Rest-server behind reverse proxy log real client IP X-Forwarded-For

Hello!

I use rest-server behind reverse proxy [haproxy] for SSL termination and filter unwanted traffic.

As I see, rest-server logs “127.0.0.1” as client IP - it receives requests from local haproxy.
I configured haproxy to send X-Forwarded-For header to the rest-server.

But, it seems, rest-server ignores X-Forwarded-For header.

Could you help me, should it work or it’s a Feature Request?

Sincerely,
Ilya

I have the same problem and I tracked it to rest-server off loading the logging to “gorilla/handlers”

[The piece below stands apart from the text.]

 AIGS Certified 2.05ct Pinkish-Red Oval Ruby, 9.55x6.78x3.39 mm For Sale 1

This is solved in “gorilla/handler” by adding the “proxy_header” middleware BEFORE the logging middleware in order to rewrite the request.

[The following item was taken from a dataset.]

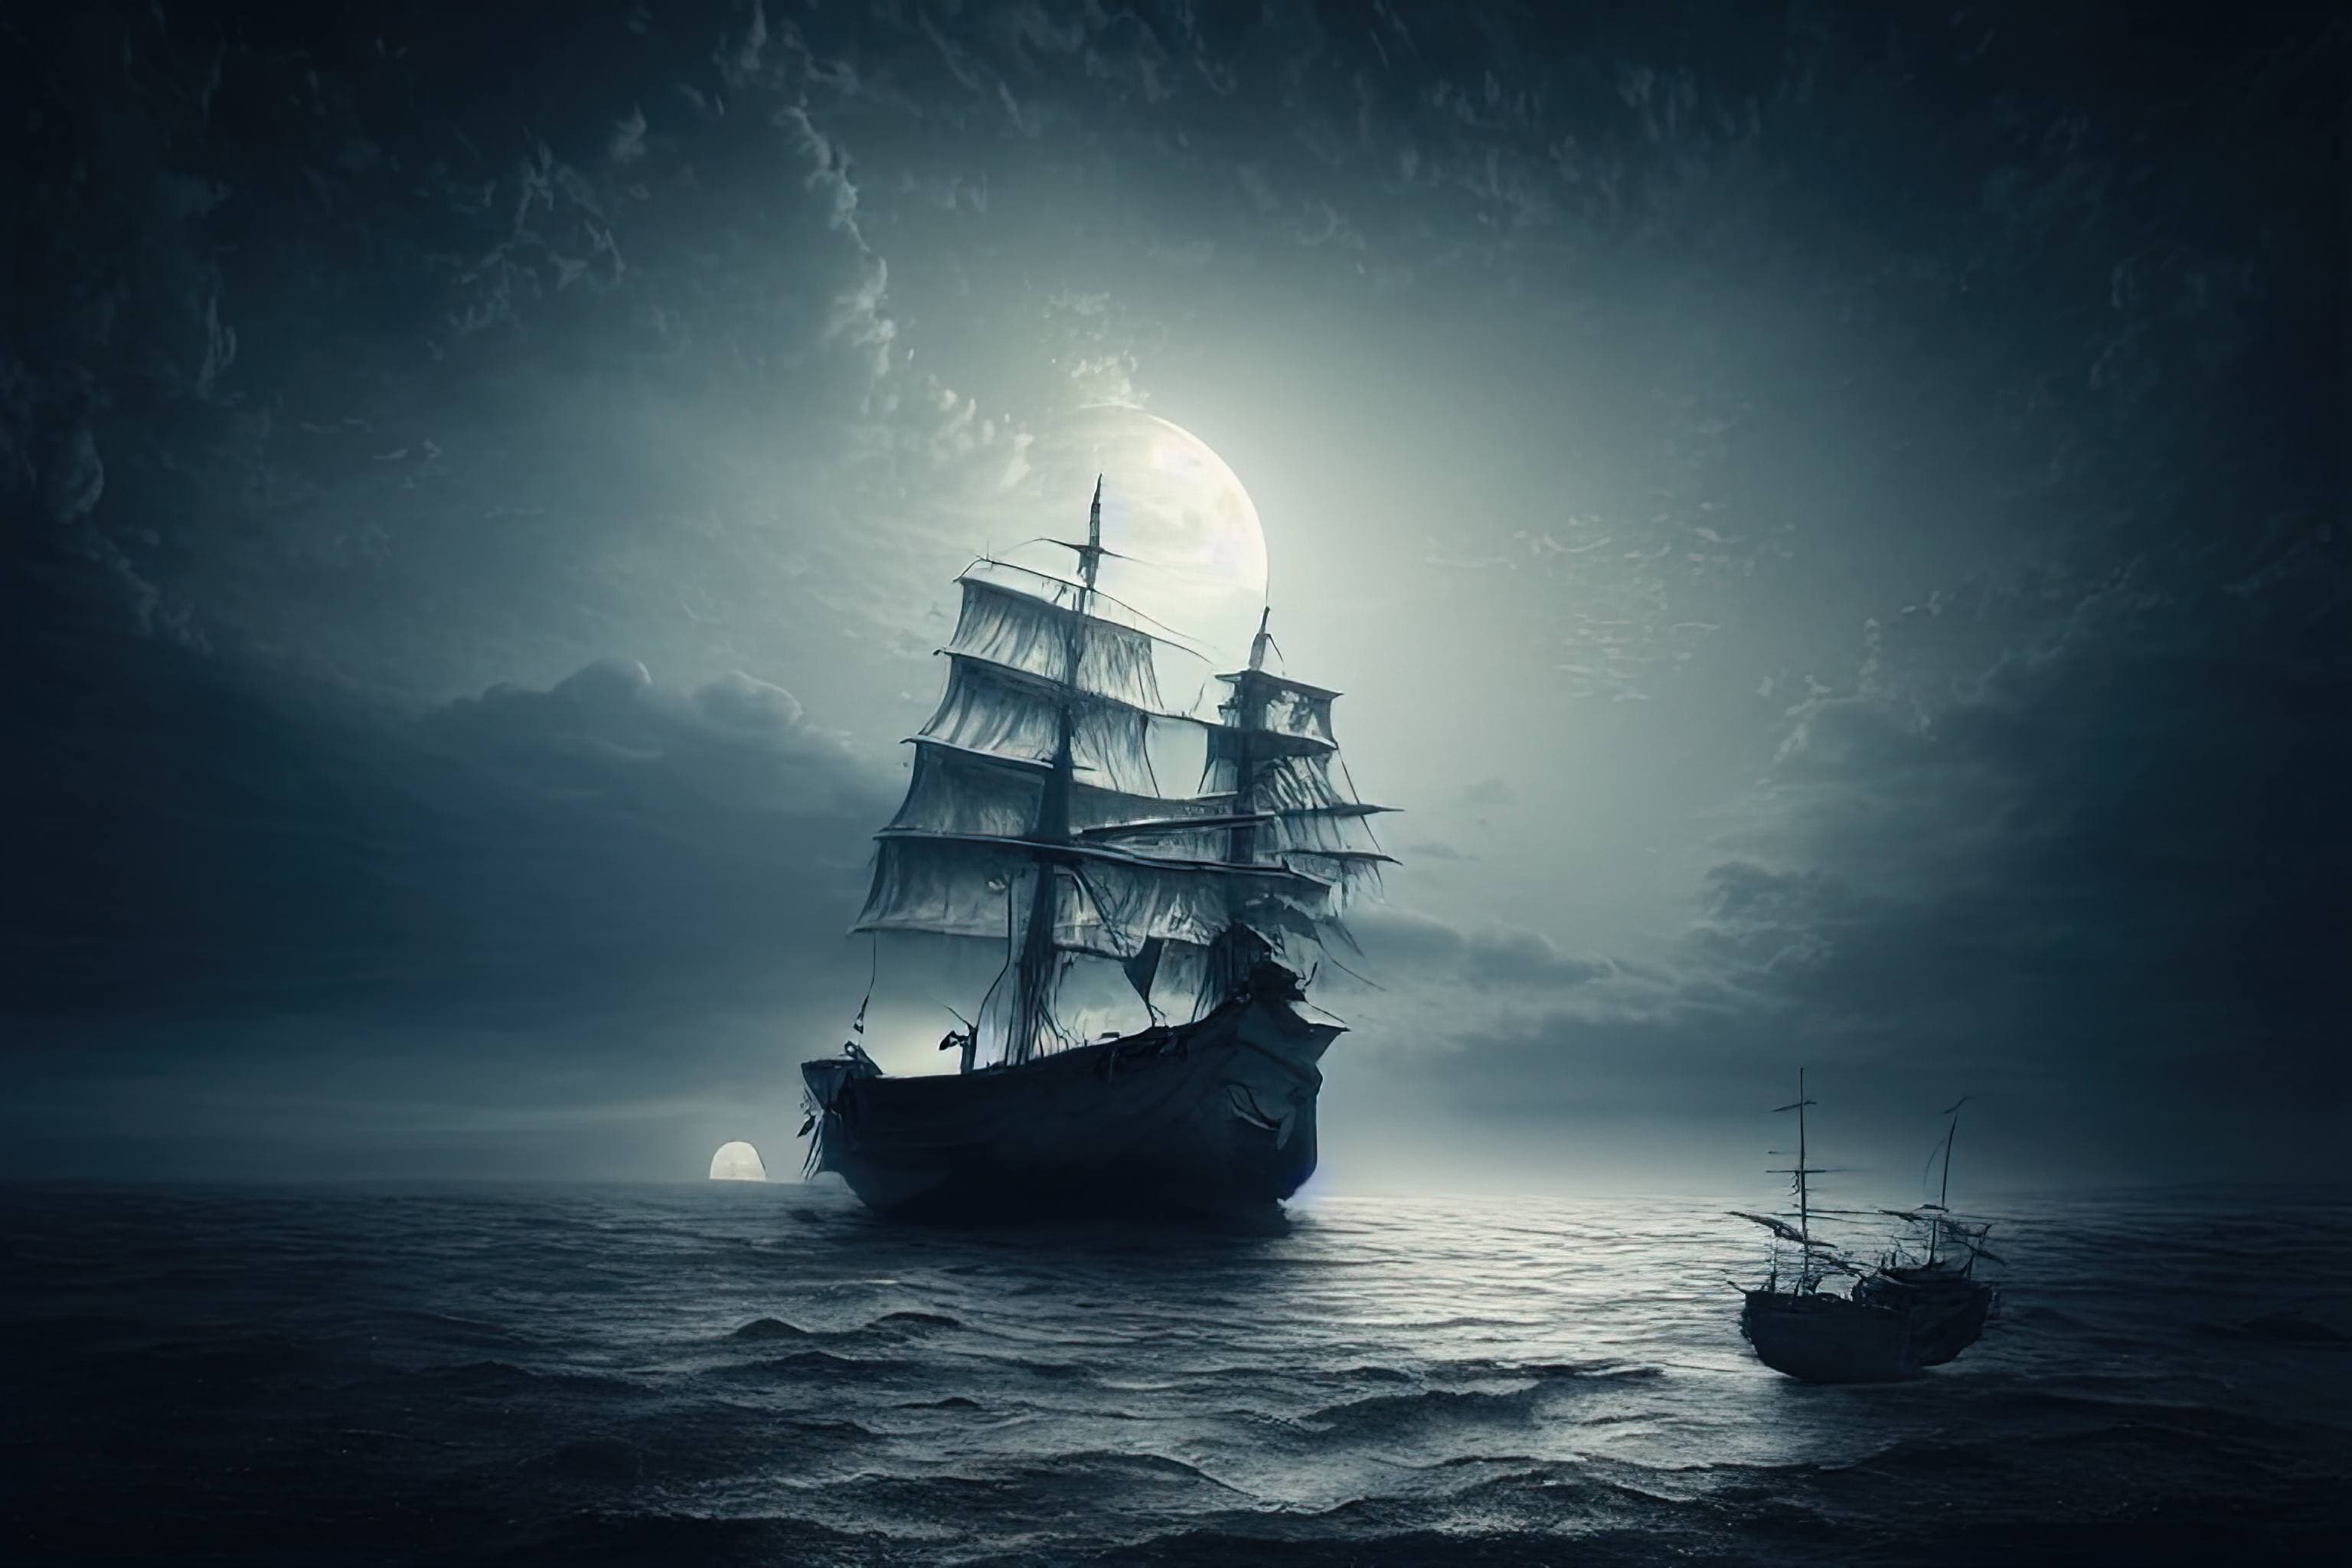 A ship sailing on the ocean at night - Pirate

If you are happy to build the code, you can see if the following patch helps.
(disclaimer - it works for me)

diff --git mux.go mux.go
index 77fcdb4..294708e 100644
--- mux.go
+++ mux.go
@@ -21,6 +21,10 @@ func (s *Server) debugHandler(next http.Handler) http.Handler {
        })
 }

+func (s *Server) proxyHandler(next http.Handler) http.Handler {
+   return handlers.ProxyHeaders(next)
+}
+
 func (s *Server) logHandler(next http.Handler) http.Handler {
    var accessLog io.Writer

@@ -104,6 +108,9 @@ func NewHandler(server *Server) (http.Handler, error) {
    if server.Debug {
        handler = server.debugHandler(handler)
    }
+
+   handler = server.proxyHandler(handler)
+
    if server.Log != "" {
        handler = server.logHandler(handler)
    }

Just for fun, I’ve added a feature request saying this

Thanks!

It’ll be better to move this issue to https://github.com/restic/rest-server repo instead of restic client.

damn your eyes!

New feature request in the right place this time.